I’ve been a registered Democrat for as long as I can remember. I always associated my party with compassion, unity, a country we can all call home. But lately, I find myself torn and confused. And my vexation stems primarily from the question of illegal immigration and the Democrats’ obsession with open borders.
In 2019, my filmmaking work led me to the story of a young Indian girl who died on our southern border while crossing illegally.
Since I was in India, I decided to find her family and, if possible, to offer help. I figured anyone who would risk a child’s life to come to America must be destitute. But I found the opposite: a relatively affluent family seeking to migrate to America for the “dollar dream.” And this was hardly an isolated case. Shooting around the world, I uncovered story after story of unqualified refugee and asylum cases, all exploiting a dangerously broken US immigration system.
Democrats frame their open-borders stance as compassionate, but their compassion is misplaced: Most illegal immigration is simply an abuse of America’s generous refugee policies, something President Donald Trump recognized when he insisted that would-be refugees apply for asylum where they are, securing the cooperation of Latin-American states in stopping migrant caravans.
President Biden has already signed executive orders to undo Trump’s border and illegal-immigration policies. These reversals are dangerous — and uninformed.
Our system is overloaded and stressed. We have people trying to immigrate to this country legally, with wait times of several years. For those who do choose to come here illegally, the journey is no walk in the park: From deaths on the border to predation by criminals and human traffickers, to long detentions, to less-than-livable wages once granted entry, these poor souls achieve far less than the American Dream.
And for what? So, corporations can have cheaper labor and we Democrats can have a larger voter base?
Meanwhile, our own people are suffering. Millions of Americans don’t have health care. Unemployment is at record highs. Many need government assistance. We don’t have the resources to help our own. And yet the leaders of my party telegraph invitations for more illegal crossings, regardless of how it hurts Americans and migrants alike.
Our cultural elites relentlessly present open borders as the natural order of things, with all opposition dismissed as cranky and phobic. Former President Barack Obama, will soon adapt “Exit West,” a book about immigration, into a film for Netflix. The book’s author, Mohsin Hamid, says, “Migration is what our species does. . . . We need to see the beauty and potential in this.”
But where are the films that present the other side of the story?

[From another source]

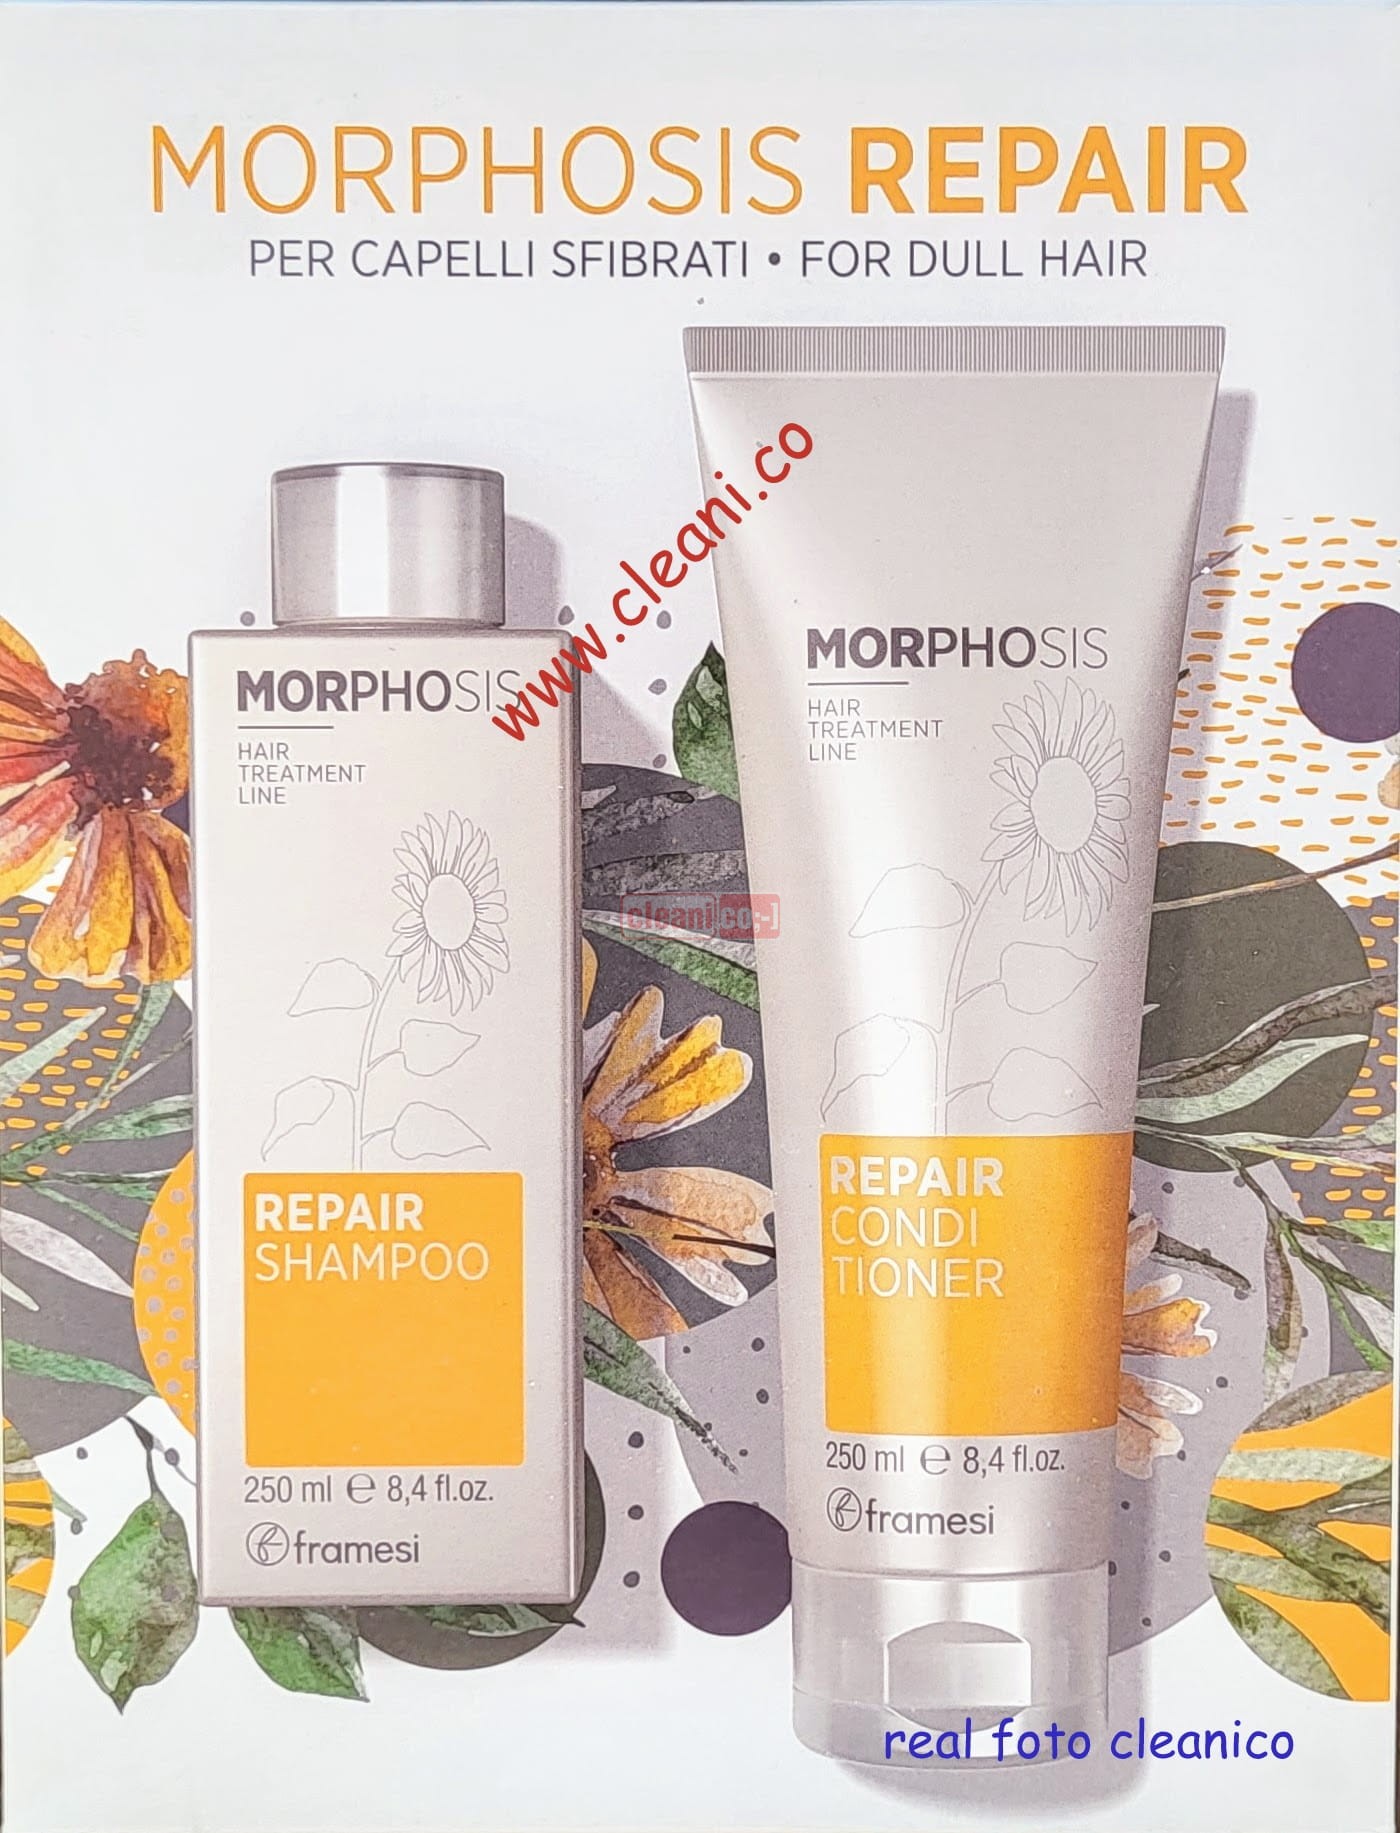 morphosis szampon
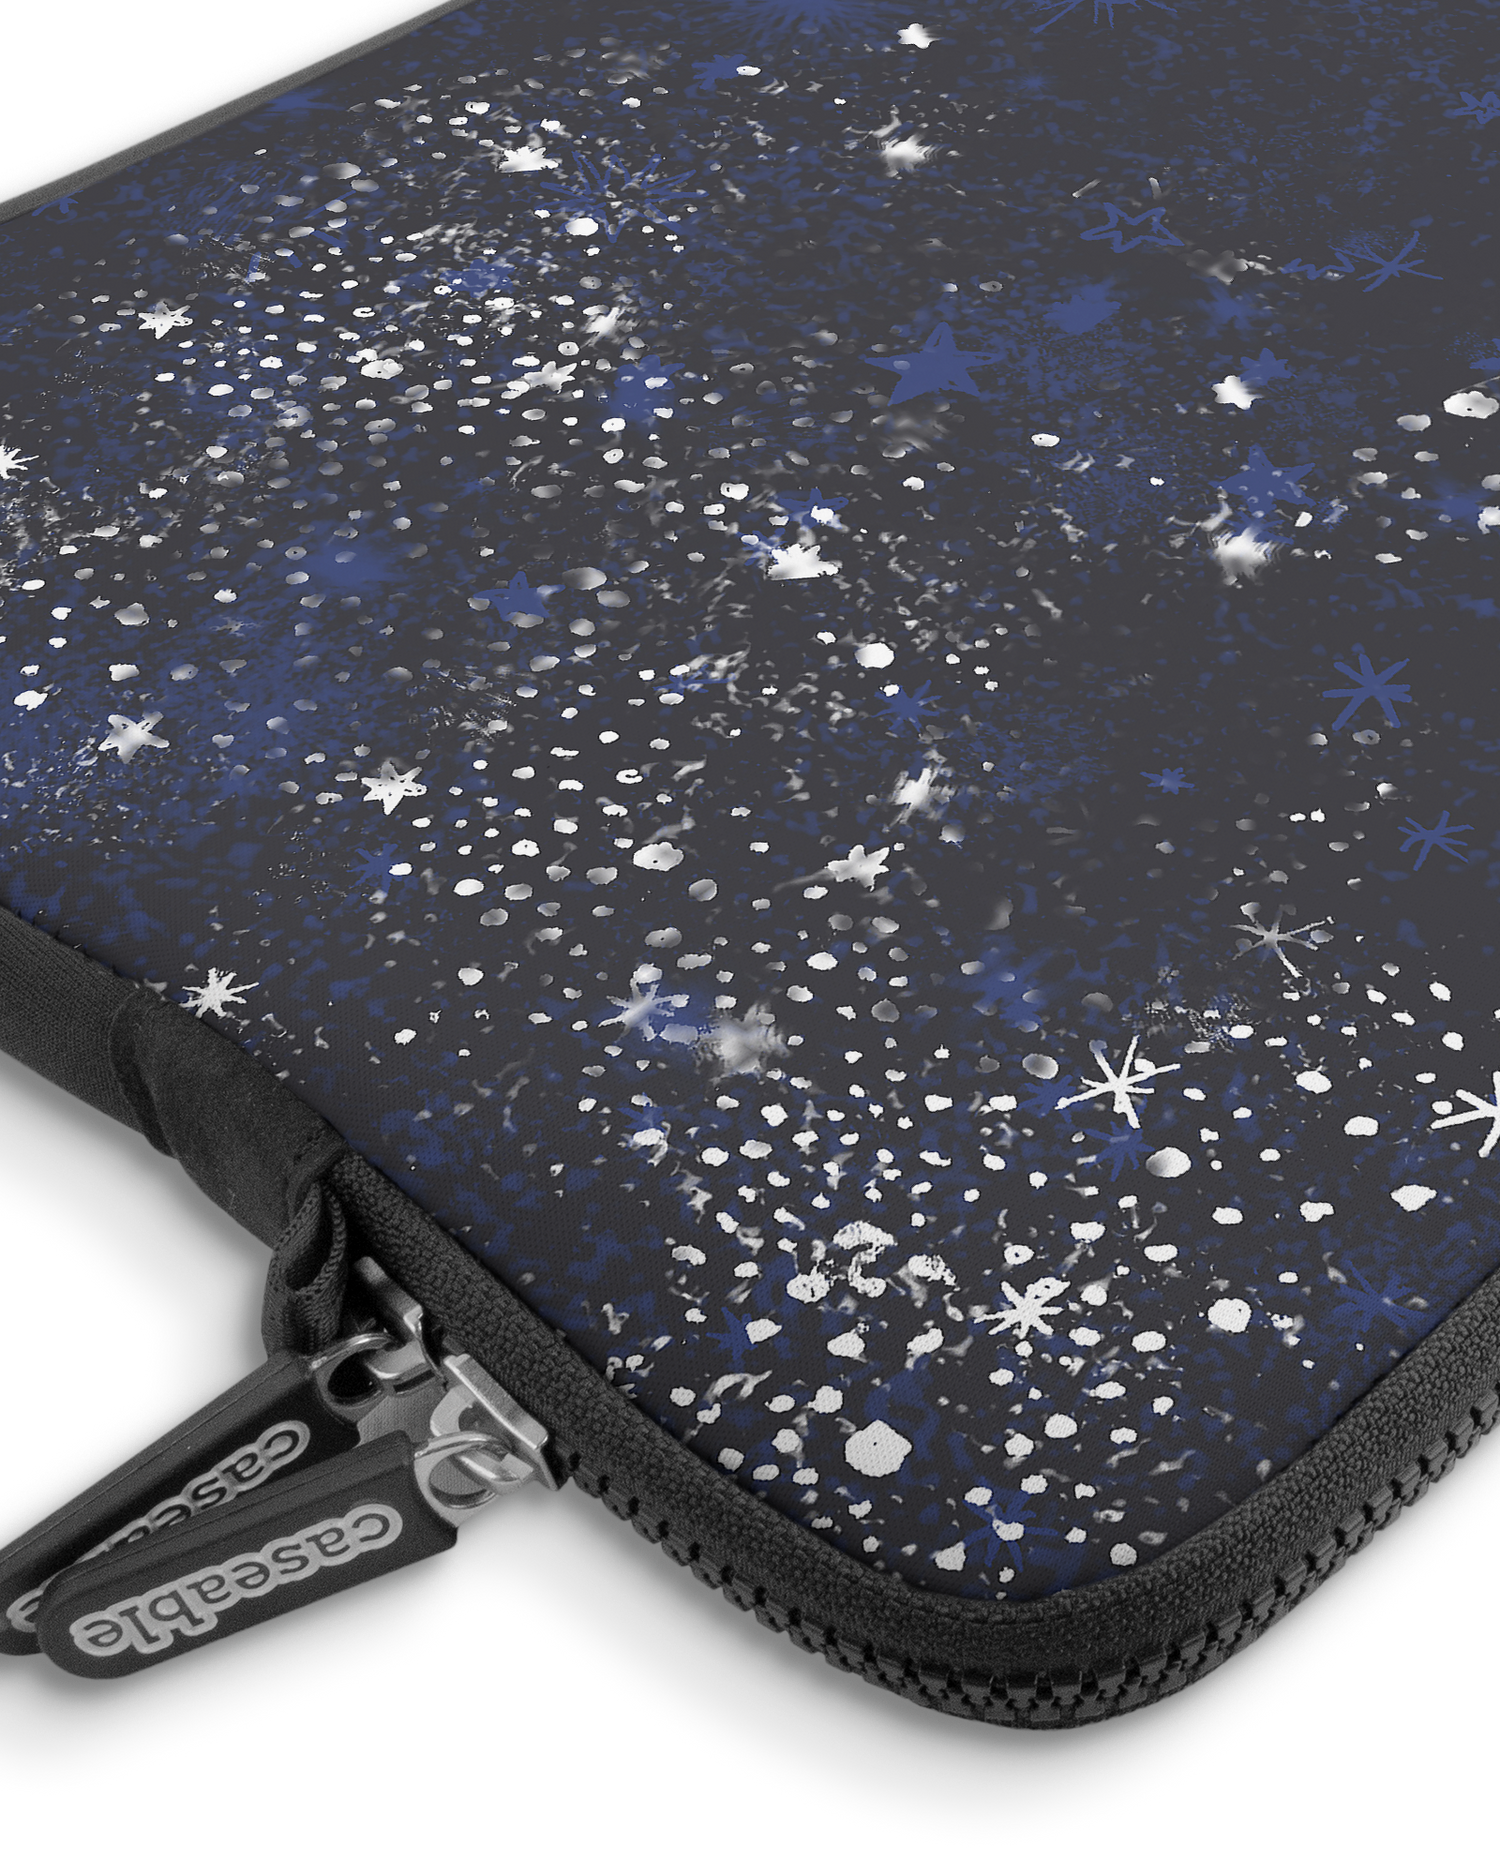 Starry Night Sky Premium Laptoptasche 13-14 Zoll mit Gerät im Inneren

Legal immigration isn’t without its flaws, either. The irresponsible messaging from the Democrats has turned America into a lottery platform, as opposed to a country that countless warriors have shed their blood for. A nation that gives and deserves allegiance. An adopted motherland that must be given equal love, if not more, than your birth motherland.
And because the open-orders ideology views the nation as nothing more than a personal-success platform, not much is expected of the new immigrant besides working, spending and enjoying themselves.
There are immigrants who still refer to the country they left behind as “my country”; America as is just the place where they happen to reside. Of them, I ask: Where is your effort? It’s true that when done for the right reasons, with the right sentiments and executed in the right way, immigration can be a beautiful thing, as Ahmed says.
But when immigrants just focus on using America as a commodity to further their self-interest, without investing any love or reverence for this great nation, it becomes selfishly problematic.
America isn’t — or shouldn’t be — for sale or for rent. It’s not a means to get ahead. It’s a nation, with many who worship its history and ideals. Come here and play your part in making America as great as it deserves to be. Start by protecting and serving this country, which includes its borders.
Namrata Singh Gujral directed “America’s Forgotten,” a film about the dark side and high costs of illegal immigration.